Выр поник усами, придвинул ближе бадью с рыбьими головами. Шрон вкушал ужин неспешно, тщательно перетирая пищу старыми, сильно сточенными ротовыми пластинами. Молчал сосредоточенно и грустно. Малек сел на хвост, презирая запах старых водорослей. Погладил панцирь Шрона, взялся прослеживать пальцем крупные линии заросших трещин. Выр от такого заботливого сочувствия постепенно пришел в благодушное настроение. Ел всё быстрее, с аппетитом. Даже пару раз запил рыбу таггой. Сыто пошевелил усами. Сам придвинул бадью с водой и умылся: новое правило борьбы с запахами уже приживалось в семье, радуя Малька.
– Не мертва наша смерть, – тихо сказал Шрон. – Есть в ней гниль с кипунов. Но есть и иное, похуже. Паразиты. Как у людей, вот так. Я знаю. Нырнул глубоко, совсем глубоко. Мешок придумал, чтобы дышать из него годной водой. В желтую муть ушел саженей на сто… И вернулся. Живой. Шторм вскипел, а я уже не чуял его, да и себя не чуял. Жабры мне все как есть погрызли. Дышать я не мог, язвами покрылся. Панцирь вон – тоньше пергамента местами сделался. Вот тогда… Ох-хо, как раз тогда выродер меня и видел.
– Чем спасся? – жадно выдохнул Шром.
– Солнышка они не любят, – презрительно повел усами старик. – Солнышка и воздуха. Как шторм ушел, припекло меня на отмели. Тут и сгинула напасть. Язвы зарастали долго, отрава обычная – из кипунов – гнала по телу озноб, забирала силы. Но прочее все пропало. Вот так. Теперь я важное знаю. Беда наша с теплом моря связана и со светом. Ниже какой-то глубины не живут паразиты, я так надеюсь: холодно им там. И выше сорока саженей не поднимаются: солнце их губит.

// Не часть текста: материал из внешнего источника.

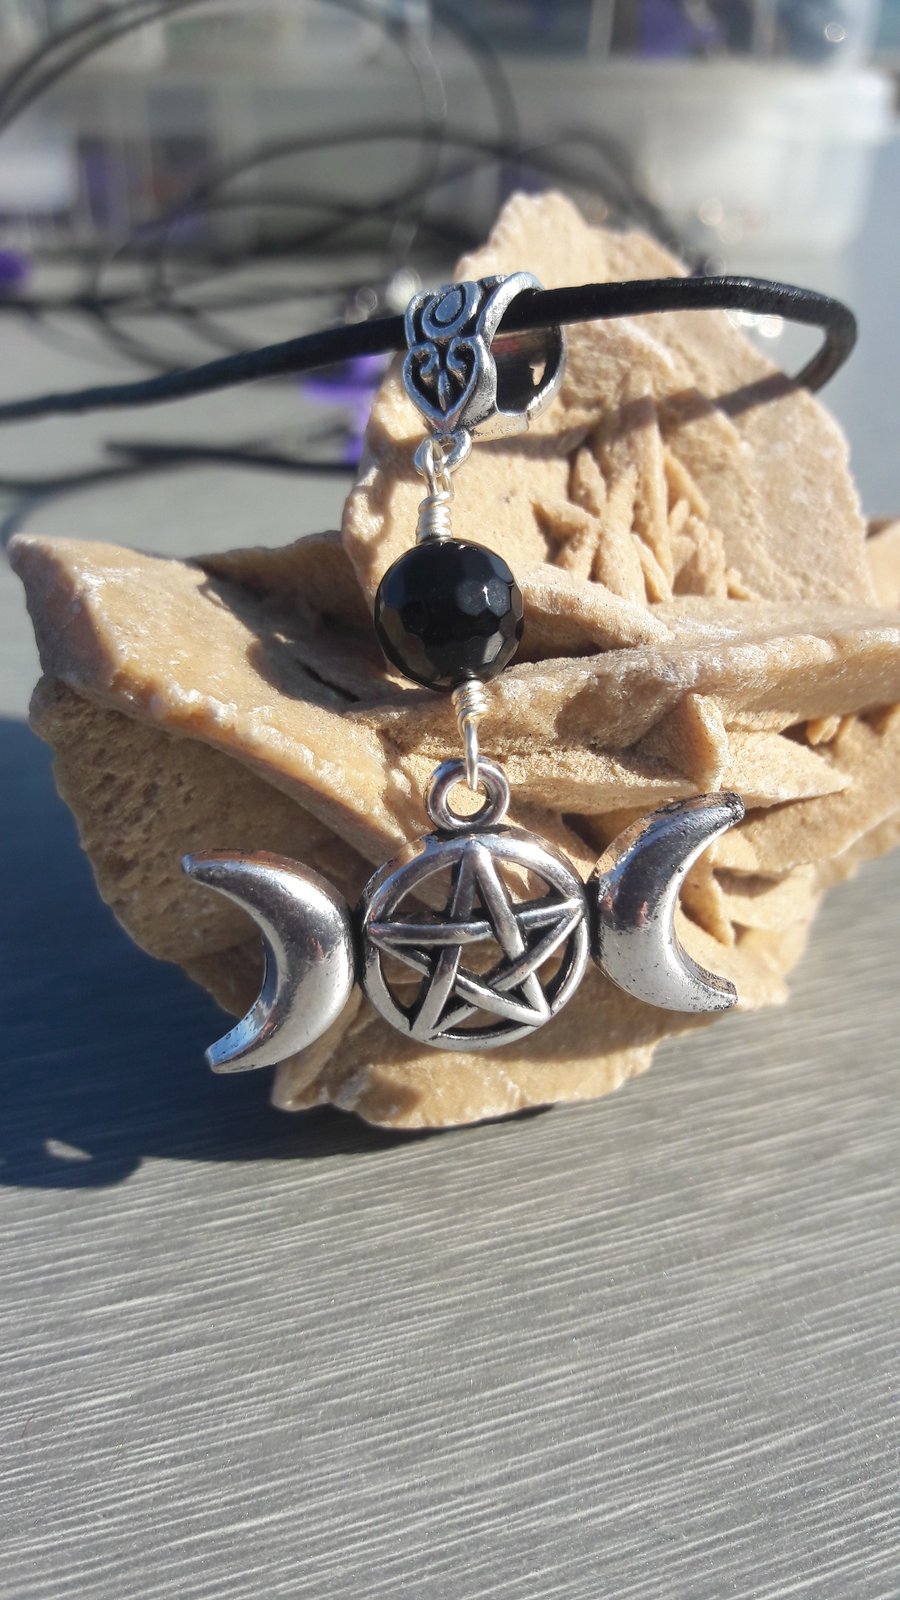 Black Agate, Triple Moon and Pentacle Pendant on Leather Cord Necklace
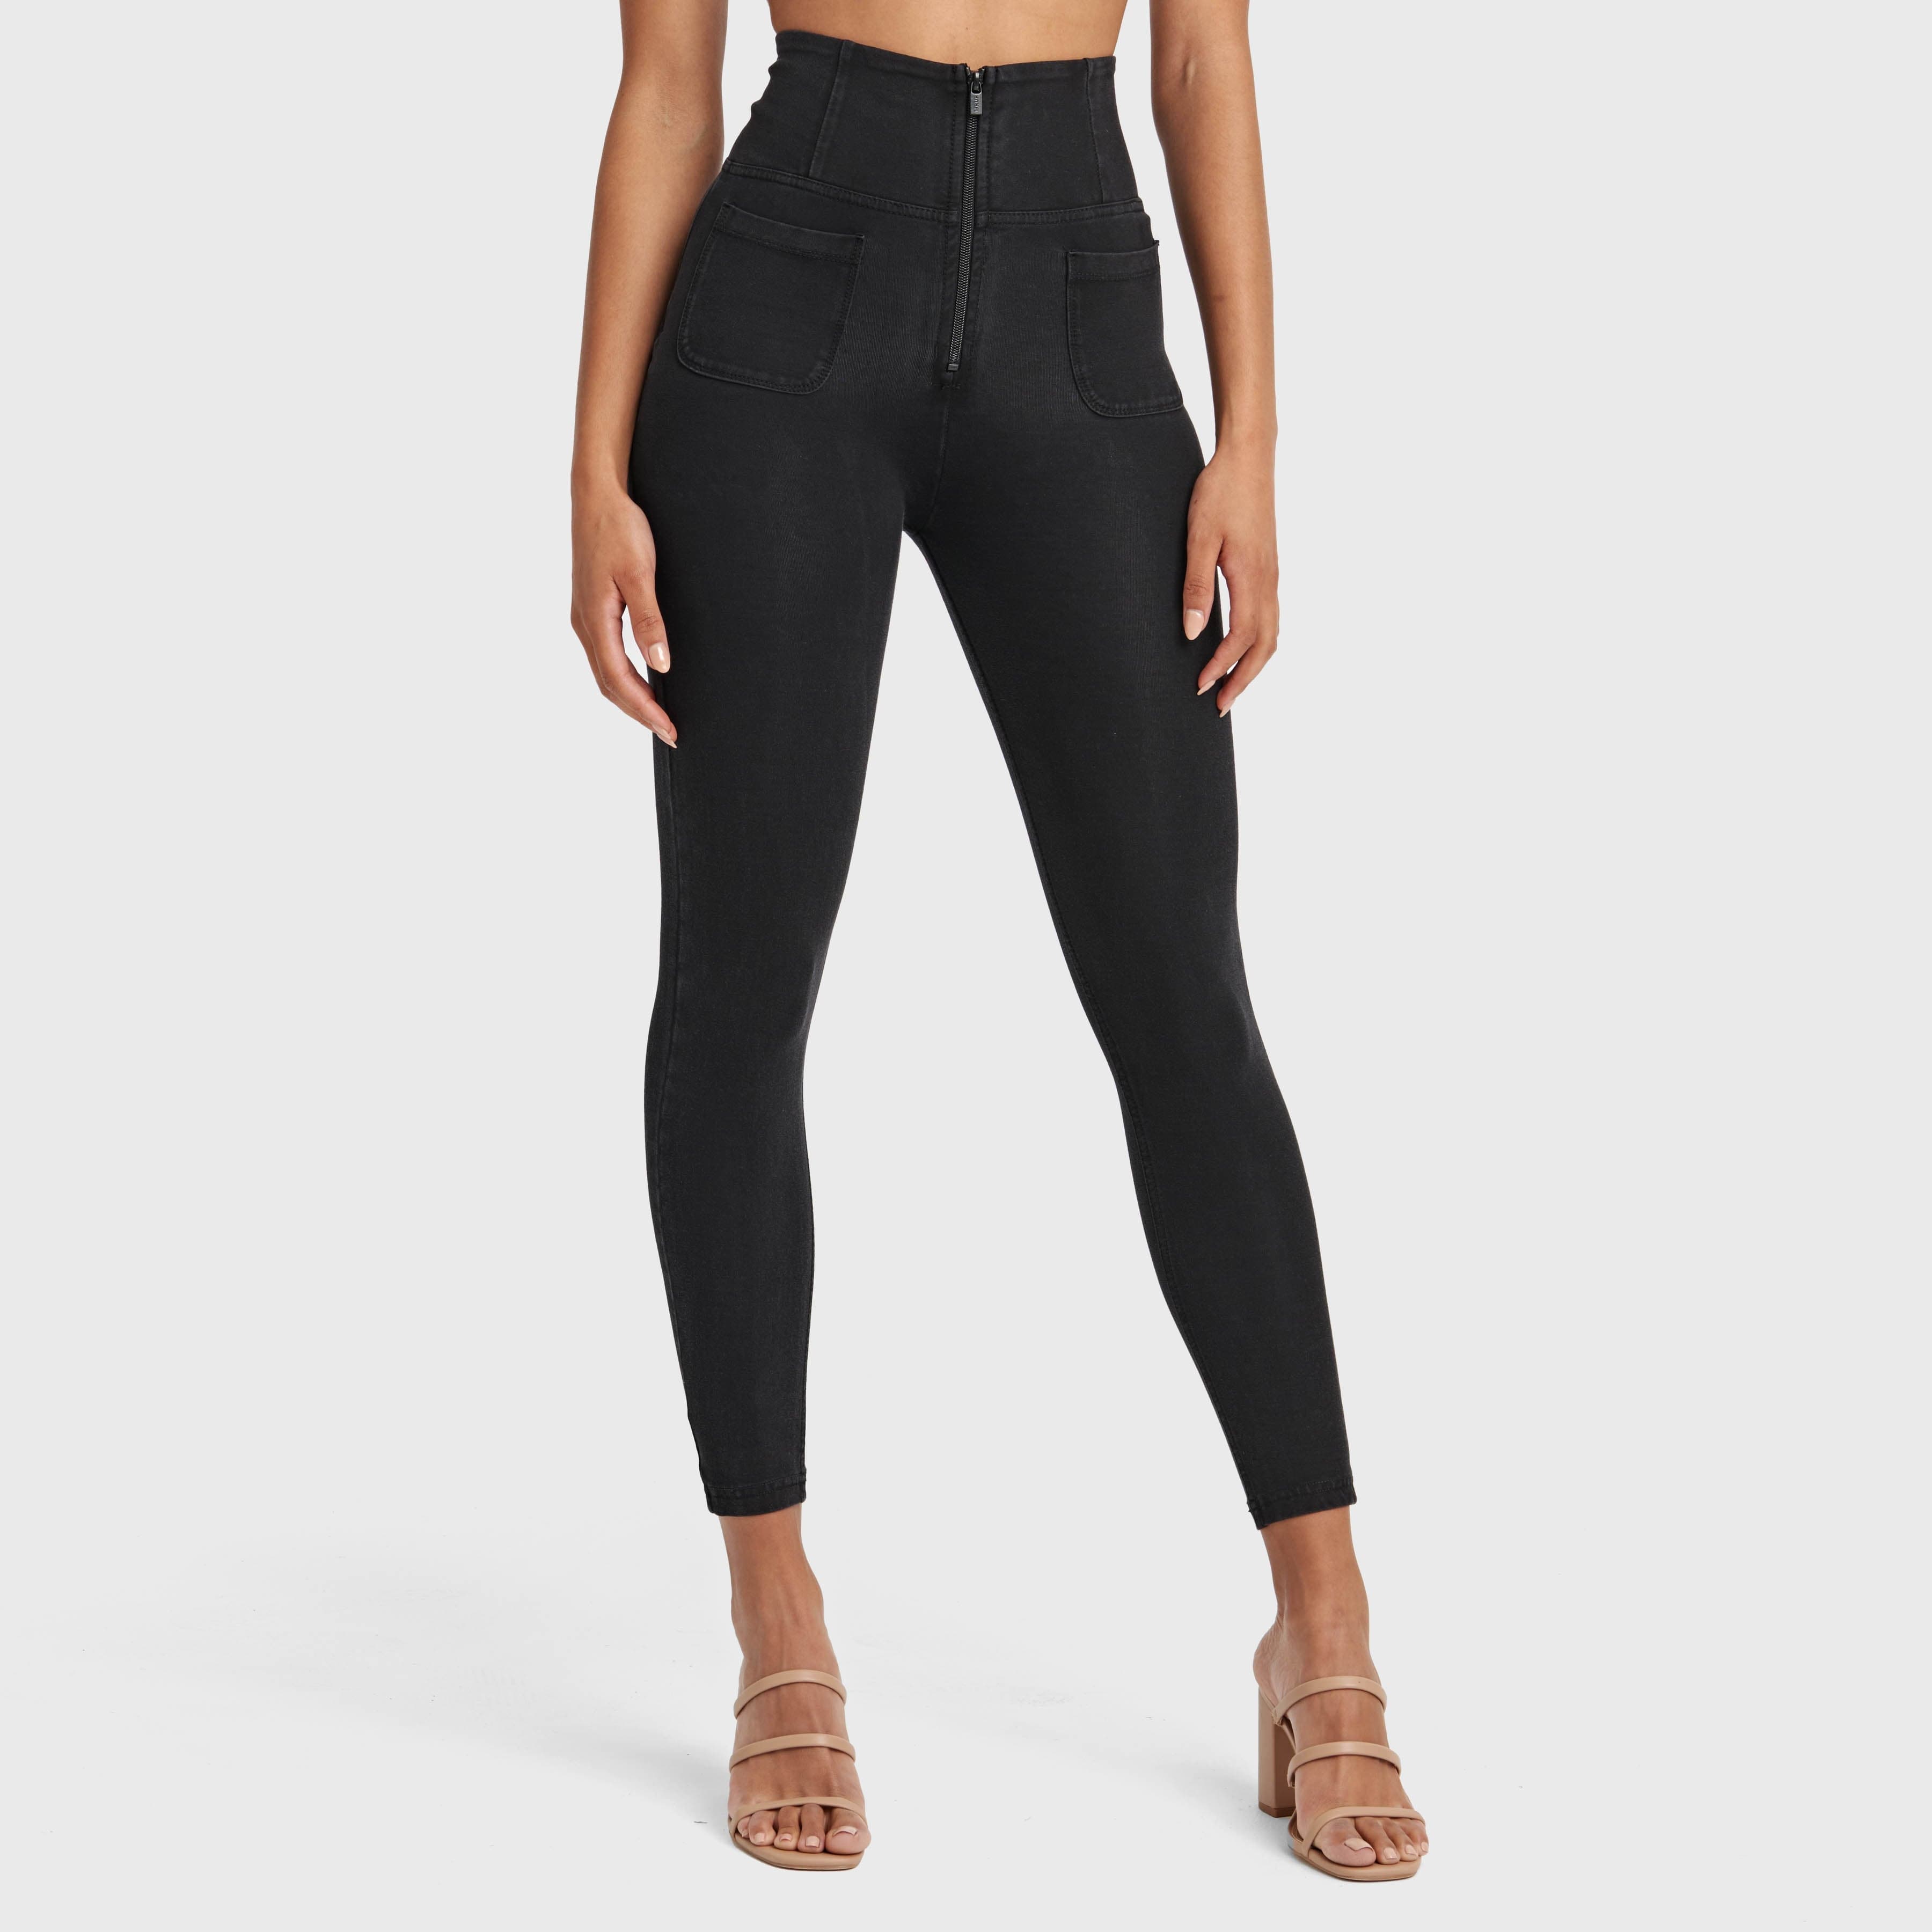 WR.UP® Denim With Front Pockets - Super High Waisted - Petite Length - Black + Black Stitching 1

– Ниже – ты уверен? – восхитился Шром.
– Рыбу проверял, – солидно уточнил старик. – Ей тоже едят жабры. Глубинной, которая через муть сюда лезет по осени. И скалозубам, я ловил их, эти-то часто ныряют в желтую муть, они живучие… Теперь знаю, почему косяки, выйдя из глубин, к самой поверхности жмутся: лечатся. Частью не спасаются, мрут, но частью выживают. Все я проверил, брат. Далековато вниз плыть, нет нам пока что туда входа, в родные глубины. Но есть небольшая надежда. Раз беда живая, можно её и умертвить. Вот так я думаю. – Старик сердито клацнул клешнями. – Только без надобности мои слова главному бассейну. Нет в кланде жажды глубин. Нет почтения к древности, золото ему – не хранилище знаний, а монета сухопутная.
– Пока что книги нужны нам, – прищурился Ларна. – Главный бассейн пусть булькает себе проточной водой. Начнем с вашего дома. Ладно уж, дополню счет до дюжины мягкохвостым гнильцом. Ваш братец Борг пробовал нанять меня, а позже самого пустил в заказ. Я отплачу ему схожей монетой.
– Хорошее дело, – заинтересовался старик. – Верное. Борг знает много, но мало скажет без должного для себя страха. Про книги знает: смекаю я, не он ли плавит листы? Галер у нас, у ар-Бахта, больно много развелось. И тайн, и жадности. Золото – оно сродни желтой смерти, тот еще паразит. К кому в жабры влезет, душу отравит, тех уже не отпустит, сожрет дочиста… и солнца не испугается. Верно ты придумал: спросим Борга. Шторм отшумит, и мы займемся очисткой родного бассейна.
– И пересчетом, – нехотя, едва слышно, добавил Шром. – Боюсь я увидеть гнезда с личинками. Как бы не подмокли они. – Выр дернул глазом на стебельке, переводя обзор с Ларны на Малька, дружно подавшихся вперед, слушать новое. – Умные, да… Тайну большую почуяли, главную. Скорее даже – беду… Из подмокших теплых гнезд, захваченных на воздухе гниением, не вылупляются неущербные. Пойду. Шторм красив, хочу поплавать, да. Заодно галеру проверю.
Выр развернулся, резво зашуршал по камням, плеснул водой луж – и скрылся в недрах тьмы гротов, ведущих к морю.